As you can see, writing this code by hand would be quite tedious and error-prone. There is not much interesting going on. The bulk of the request logic is in the makeEth2Request and sendNotificationMsg procs that you'll find in eth2_network.nim.

2. Server-side thunk proc

This is a server-side proc that takes the raw contents of a P2PStream and deserializes the correct expected parameter types. We call these procs "thunks", although a trampoline might have been a better name. These procs are even simpler:

  proc status_thunk(stream: Connection; proto`gensym175130276: string): Future[void] {.gcsafe.} =
    return handleIncomingStream(network, stream, statusObj, SSZ)

When you say node.addCapability(Protocol), these are installed as protocol handlers though the switch.mount API. Again, the bulk of the actual logic is in handleIncomingStream defined in eth2_network.nim.

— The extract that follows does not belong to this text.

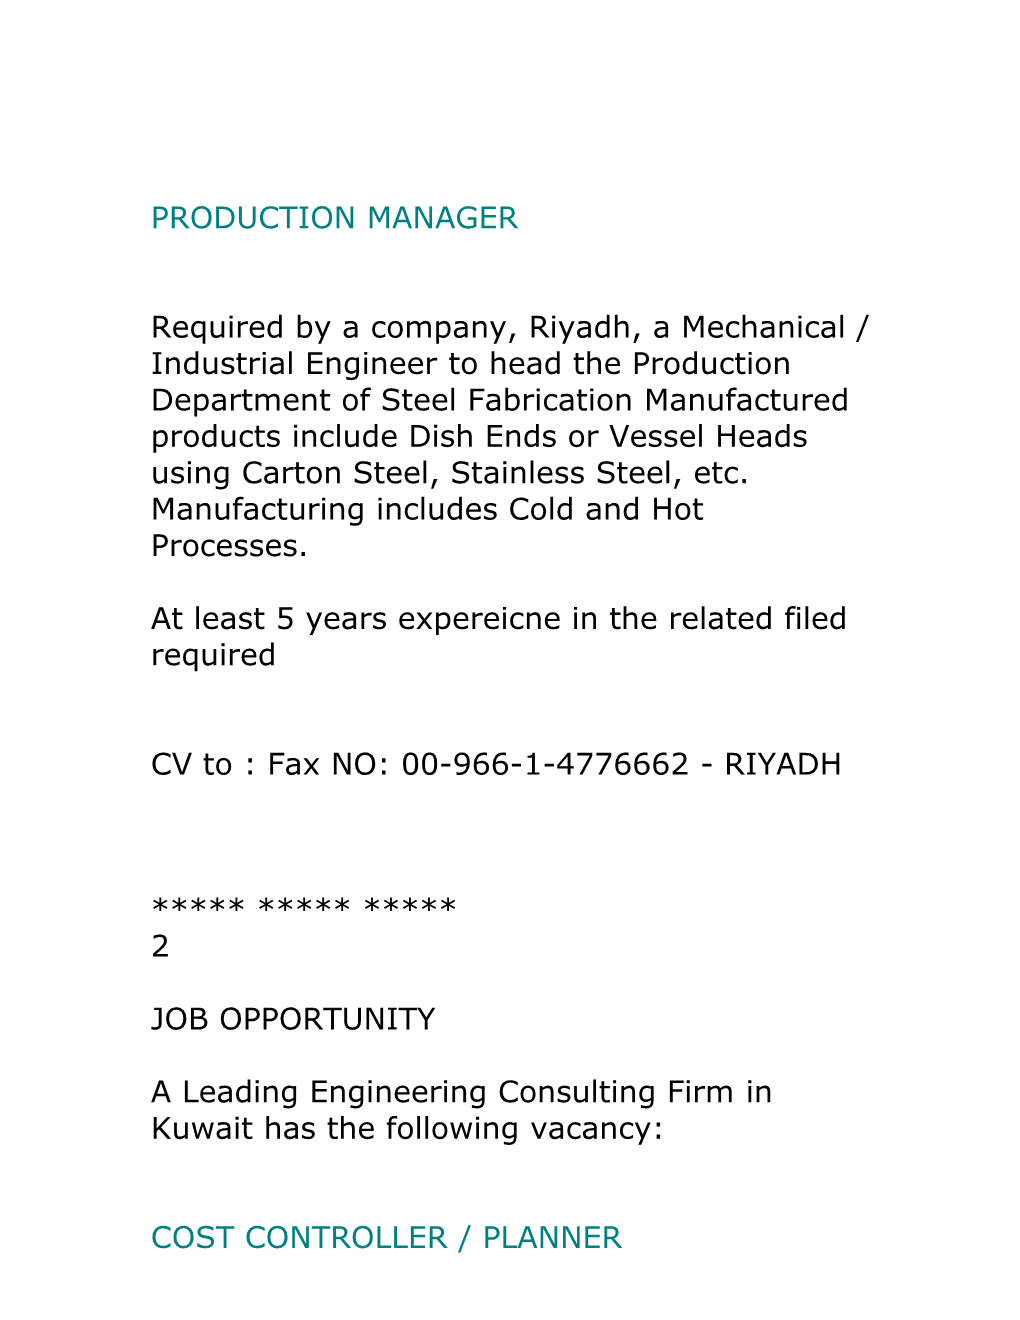 NESPAK Needs Engineers (Road/Highway) for MOT Projects in KSA(Civil,Material, Electrical
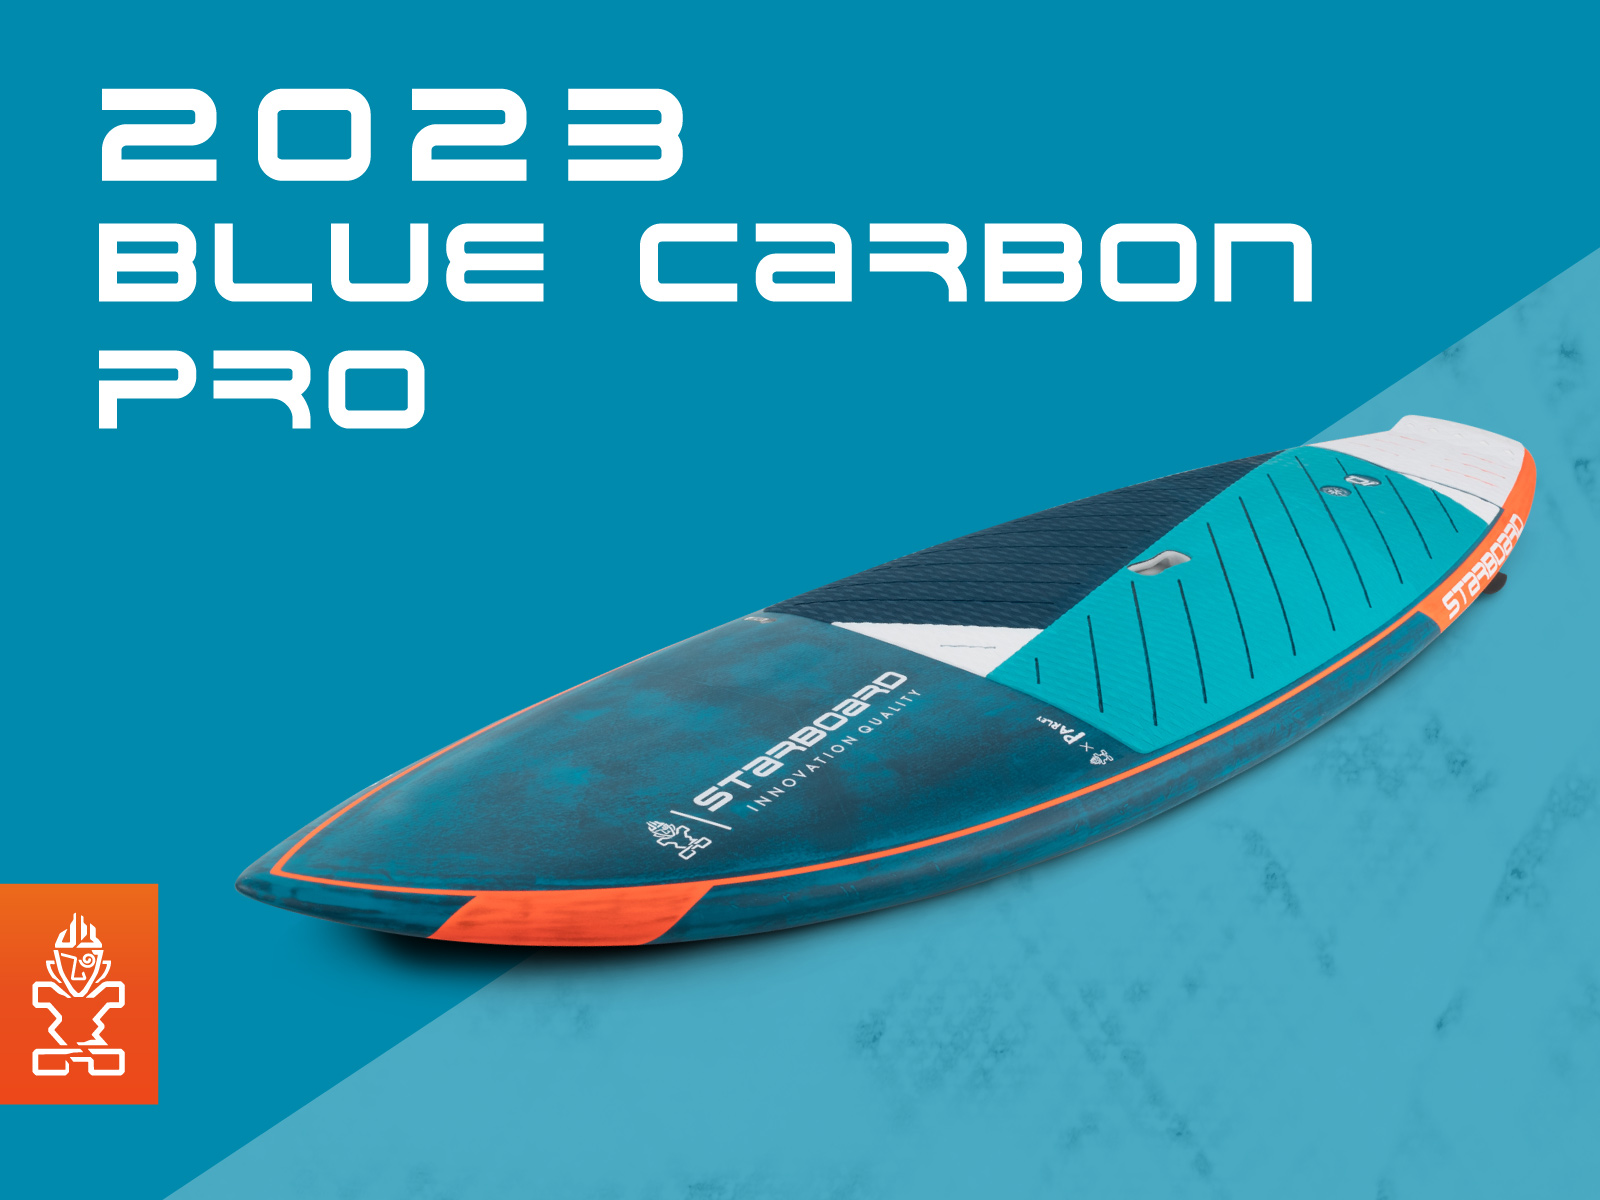 2023 Blue Carbon Pro Construction » Starboard SUP

3. Server-side user handler

This is the user-defined handler that the user entered in the p2pProtocol macro. At the end of handleIncomingStream you'll find the following call:

  await callUserHandler(peer, conn, msg)

This is another simple glue proc generated by the macro that just unpacks the deserialized message data into the parameters of the right user handler.

Is that all?

The rest is simple helpers for APIs such as peer.state(BeaconSync), eth2Node.protocolState(BeaconState), etc. Forcing the protocol definitions to a common standard guarantees that we don't end up using certain Nim features such as closures to capture arbitrary application state in the handlers. I consider this a small win that makes the protocols easier to audit and reason about and it exposes their state to other parts of the application with a well-defined API. It will also help us to more easily migrate to a manual memory management scheme in the future.

Closing words on intentional programming and regularity

When you design an API, you should always strive to capture the intent of the programmer as precisely as possible. When you do that, it becomes much easier to add features such as "Implement this protocol in a mock peer that will reply with pre-recoreded messages", "Dump the JSON contents of all network messages", "Create a visualization tool of the network traffic". All of these cross-cutting concerns become a matter of enhancing the protocol processing layer with new capabilities.

When the programmers are responsible for getting the low-level details right, some irregularity will innevitably sneak in. The Waku protocol for example had a number of such irregularities that Kim was able to point out to the design team only because they were difficult to express within the constraints of the p2pProtocol macro.